Australian-navy-off-coast-PNG
A Royal Australian Navy warship off the coast of Papua New Guinea

ANDREW KORYBKO* | Asia Pacific Research | Edited

MONTREAL - Australia’s plans to return to the Lombrum naval base on Manus that it previously occupied in Papua New Guinea prior to independence in a power play for leadership in the South Pacific on behalf of the Quad’s desire to contain China in this strategic space.

(The Quad is the Quadrilateral Security Dialogue comprising the United States, Japan, India and Australia.)

This is significant for many reasons, not least of which is that Australia used to run a so-called “offshore immigration camp” here until it was closed last year after reports about the scandalous humanitarian state of its detainees caused global indignation.

More than 500 refugee men remain virtually trapped in so-called ‘transition centres’ on Manus.

Another driving factor is Australia’s interest in competing with and ultimately curtailing Chinese influence in PNG, which Canberra regards as falling within its ‘sphere of influence’.

The general trend is that Australia is engineering fake news scandals about China’s unproven military plans in the region to justify the expansion of its influence in the South Pacific through military means.

The US is more than happy to support its ‘lead from behind’ partner and, speculatively, even order it to undertake these actions because of their shared interests in containing China.

For its part, China seeks to sway the South Pacific states away from the West by wooing them with grants, loans and investments doled out as part of its One Belt One Road global vision of New Silk Road connectivity.
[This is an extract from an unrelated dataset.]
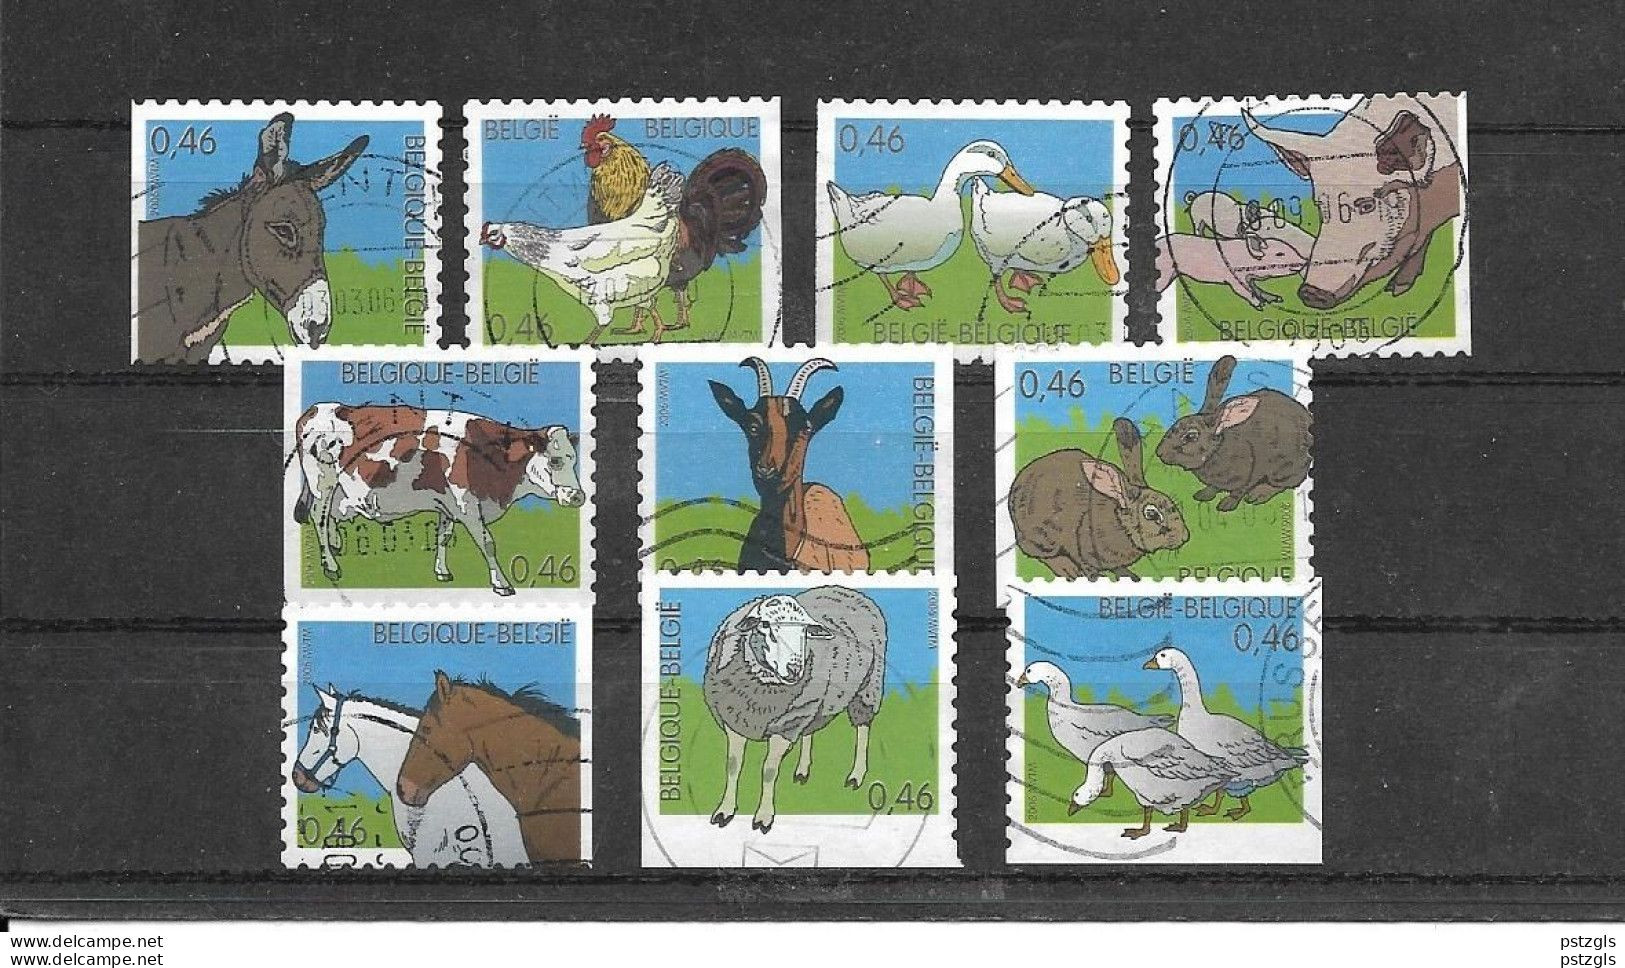 3481/90° - 2006 - Used Stamps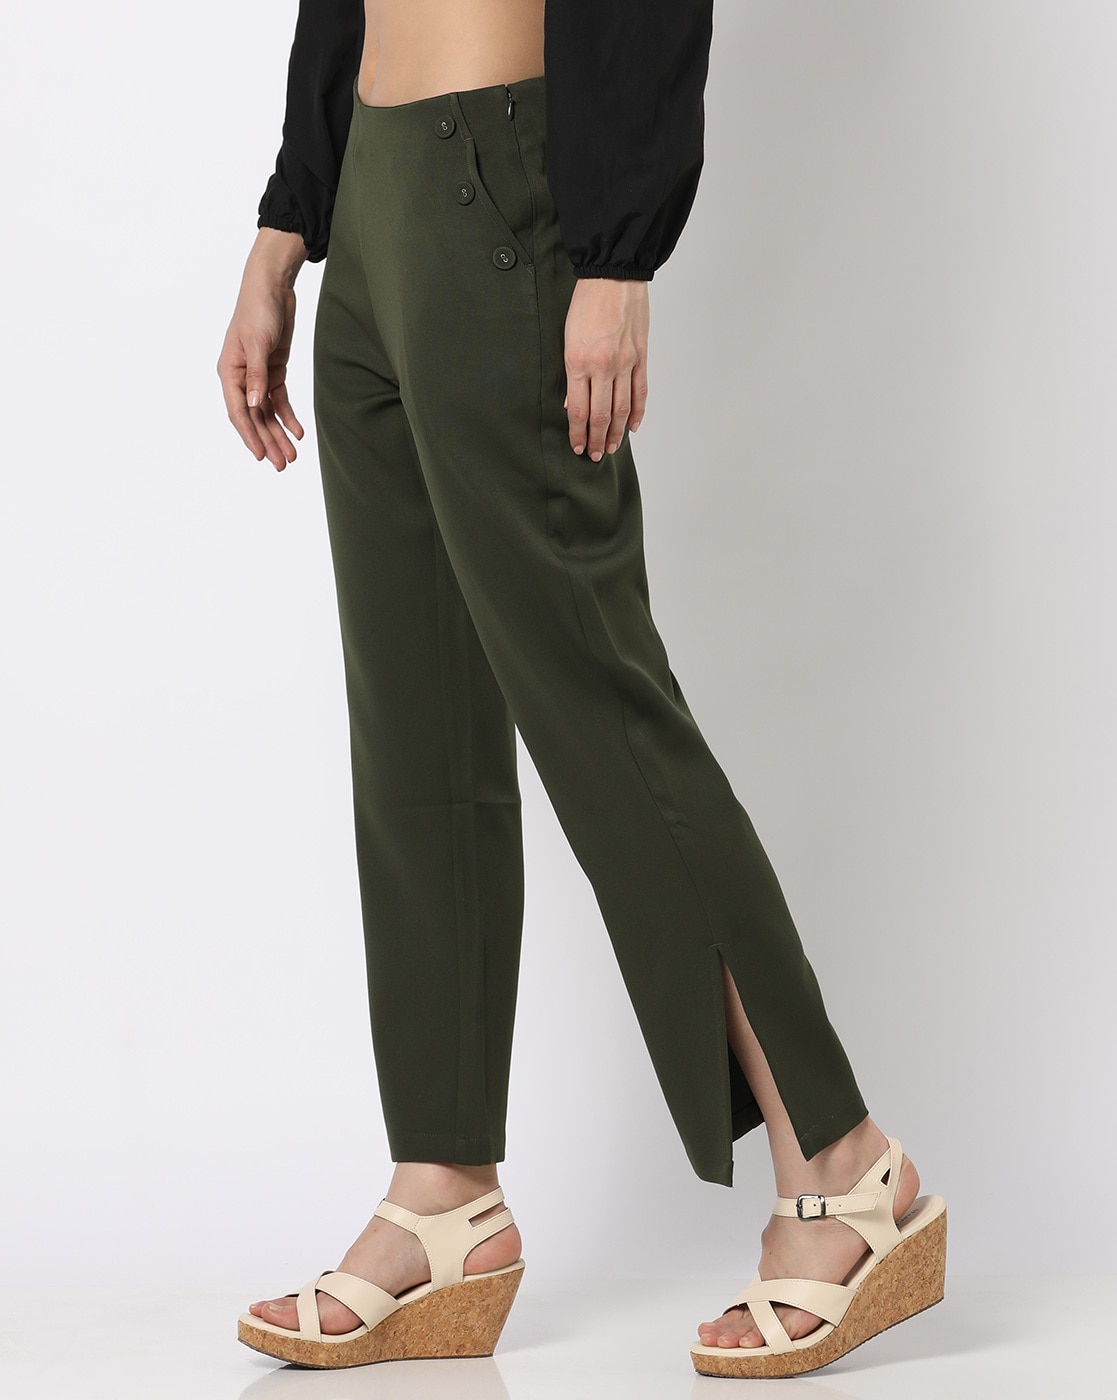 New and used Olive Green Women's Pants for sale | Facebook Marketplace

In the regional context this carries with it the possibility of encouraging the defection of six of the last states to recognise Taiwan and strategically securing the sea lines of communication between China and South America. This makes China’s economic policies in the region a means for achieving symbolic but also substantial ends.

The strategic importance of the Australian navy’s return to Manus is that it could herald an American presence as well, which could altogether allow the US to control the sea space between PNG and Guam, essentially cutting off China from the rest of the South Pacific in the event of any crisis between the two great powers.

There’s also a fear Beijing could clandestinely gather intelligence on some of the Quad’s naval vessels travelling between the US and Australia and Australia and Japan given these islands’ central location along the sea lines of communication.

Australia is its ally of preference in doing so because of its historical legacy of ‘leadership’ in the region, and PNG is the main point of attention because of its location, natural resource wealth and rapidly expanding Chinese influence.

PNG is also the largest and most populated country in the Pacific islands, so co-opting it is thought to be a means through which the other countries could fall in line.

The same logic can also explain one of the reasons why China is so interested in PNG.

Taken together, the Quad’s concentration on Fiji and now PNG is nothing more than a power play designed to contain China while China’s Silk Road engagement efforts with these two countries and their smaller peers are designed to pre-emptively break through this containment network, strategically secure its sea lines to South America and monitor the Quad.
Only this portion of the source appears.